PartidA realiza roda de conversa com candidatas mineiras

Movimento tem 20 candidaturas a cargos diversos no Estado e trabalha para a ampliação da participação das mulheres na política

Por:
Bárbara Ferreira
Foto: Candidatas participam de roda de conversa da PartidA - Crédito: Bárbara Ferreira

Publicado em 21/09/2018

“Democracia feminista”, pregam as integrantes do movimento e são os dizeres estampados na bandeira da PartidA. Com o intuito de aumentar a participação das mulheres na política, mas com a preocupação de que elas sejam, de fato, comprometidas com o feminismo e com as mudanças necessárias para ampliar os direitos das mulheres, um grupo de candidatas em Minas Gerais se reúne em um só movimento. Suprapartidária e diversa, a PartidA realizou, na última terça-feira (18), uma roda de conversa com as aspirantes a cargos no pleito de 2018, e conseguiu ressaltar a pluralidade do movimento e a importância da união entre as mulheres.

Estiveram presentes candidatas aos cargos de deputada estadual, deputada federal, senadora e ao governo do Estado. Entre as falas de cada uma delas, a congruência era sempre na defesa dos direitos das mulheres e na importância de aumentar a representatividade em todas as instituições políticas do país. Cada uma ressaltou alguma particularidade ou causa específica. As dificuldades e a violência contra as mulheres trans foram o primeiro tópico da conversa, com as falas de Duda Salabert (PSOL) e Leandrinha Du Art (PSOL). Também entraram em pauta a luta das mães e a violência obstétrica, a questão das mulheres negras e periféricas, o direito dos animais, o ecofeminismo, a luta das educadoras e também a importância de um feminismo que englobe a desigualdade social.

Candidata ao Senado, Duda Salabert fala sobre a violência contra mulheres trans – Crédito: Bárbara Ferreira

Ao fim da conversa, a candidata a deputada estadual Marília Campos – a única petista entre as participantes, majoritariamente do PSOL – lembrou que para além das lutas identitárias é preciso pensar em justiça social e que é preciso garantir a unidade feminina não apenas no período eleitoral. O debate foi mediado pela professora Marlise Matos, coordenadora do Núcleo de Estudos e Pesquisas sobre a Mulher (Nepem), da UFMG, que fechou o encontro falando do fato de a PartidA ser um movimento suprapartidário, mas ressaltando que são candidatas dentro do campo da esquerda.

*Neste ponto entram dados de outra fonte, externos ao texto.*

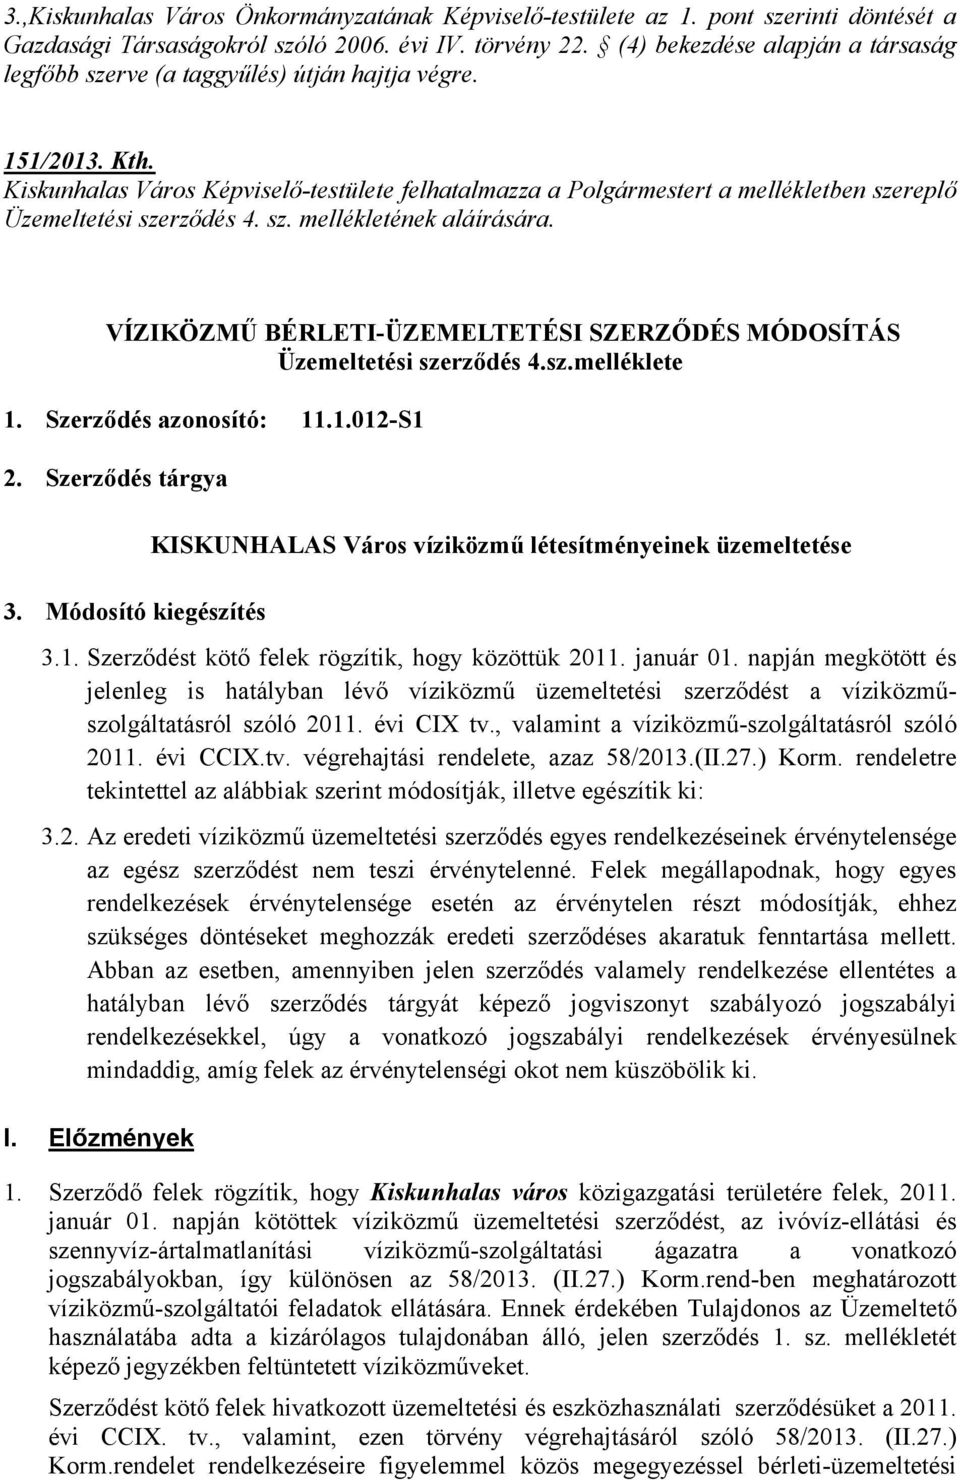 Kiskunhalas Város Képviselő-testülete felhatalmazza a Polgármestert a mellékletben szereplő Üzemeltetési szerződés 4. sz. mellékletének aláírására.

Estiveram presentes a candidata a vice-governadora Sara Azevedo (PSOL), a candidata ao Senado Duda Salabert (PSOL), as candidatas a deputadas federais Adriana Araújo (PSOL), Maria da Consolação (PSOL) e Leandrinha Du Art (PSOL), e as candidatas à Assembleia Legislativa do Estado Polly do Amaral (PSOL), Kênia Ribeiro (PSOL) e Marília Campos (PT). A PartidA tem ao todo 20 candidatas disputando as eleições por Minas.

Movimento reúne candidatas em defesa das pautas feministas – Crédito: Bárbara Ferreira

O encontro aconteceu no Suricato, espaço que se dedica à luta dos portadores de transtornos mentais. Cerca de 50 mulheres participaram da roda, que foi transmitida ao vivo pelas redes sociais. Entre as perguntas da plateia, houve questionamentos sobre o aborto, e a sua descriminalização foi defendida com unanimidade entre as candidatas. O movimento PartidA é nacional e tem uma plataforma online para divulgar suas candidaturas que pode ser acessada em www.meuvotoserafeminista.com.br.